私の表情を読んだのか、兄が困ったように呟いた。

「不満か・・。」
「・・・。」

兄の問いかけに何も答えることができなかった。
口を開けば、兄を困らせることしか言えないような気がしたからだ。


兄は紅茶を口に含むと、窓の外を見た。

「学園内では少しだけ自由だ。きっと一生に2年間しか自由はないだろう。」
「貴重ですね。」
「ああ。貴重だ。」

沈黙が2人の間を支配した。
兄はクリスの側近候補筆頭だ。
クリスのいる期間だけの在学となると、きっと兄は1年しか学園には通えないのだろう。

(王族に仕えるということはこういうことなのね。
滅私奉公という言葉があったけれど、本当にその言葉の通りなのね。
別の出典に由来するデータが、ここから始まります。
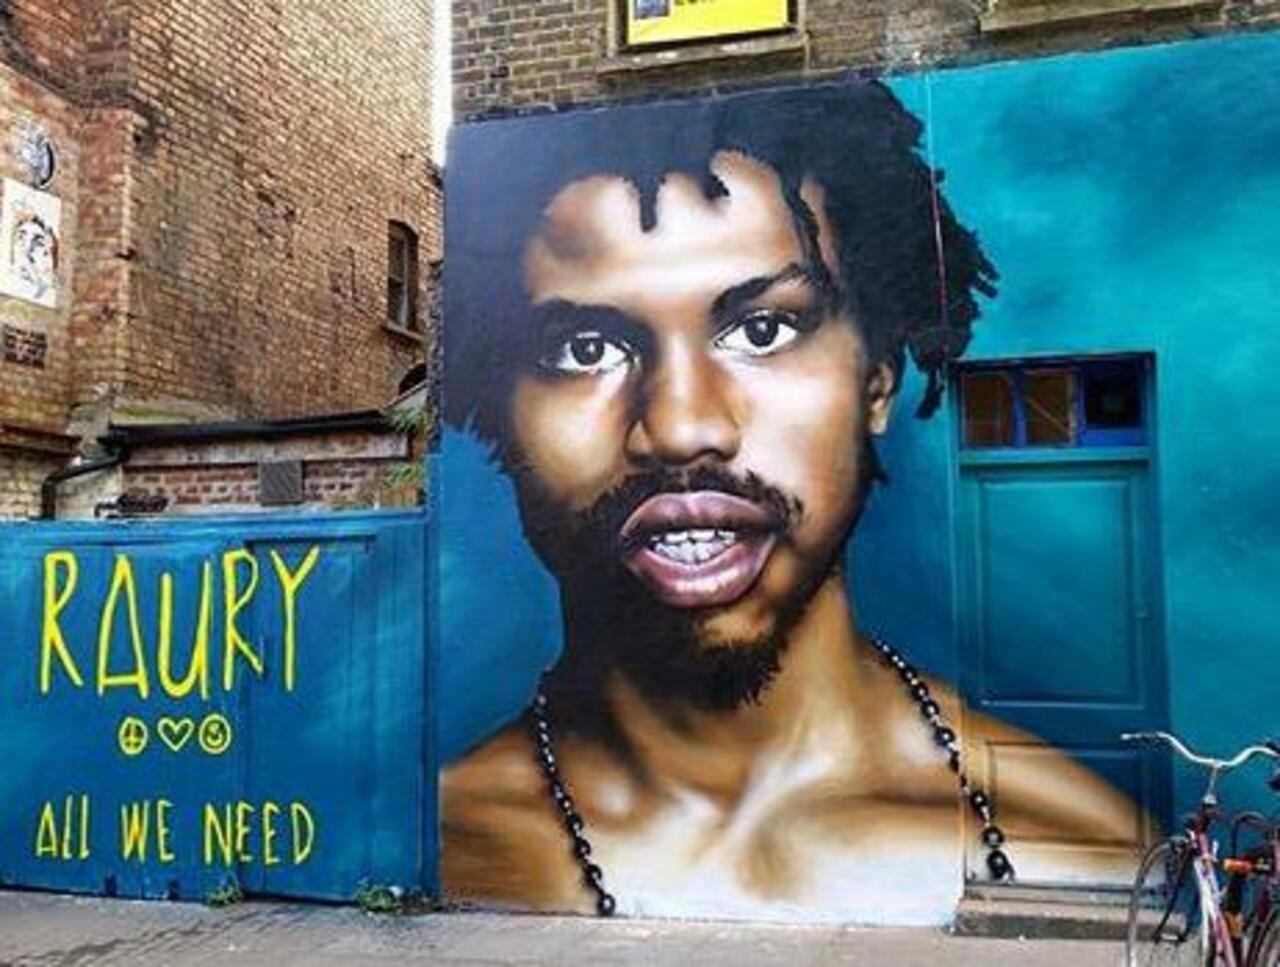 RT @GoogleStreetArt: New Street Art of @Raury by Olliver Switch in Brick Lane 

#art #graffiti #mural #streetart http://t.co/nEtrgiW12h

)

「お兄様の貴重な1年、一緒に学園に通えますね。」
「そうだな。」
「嬉しいです。一緒に自由を謳歌しましょうね。」
「あはは。そうだな。そうしよう。」

わざと明るい表情を作った。
そうしないと涙が流れそうだったからだ。
兄も泣きそうな顔で笑っていた。

涙を流さないように流し込んだコーヒーは先程より苦く感じた。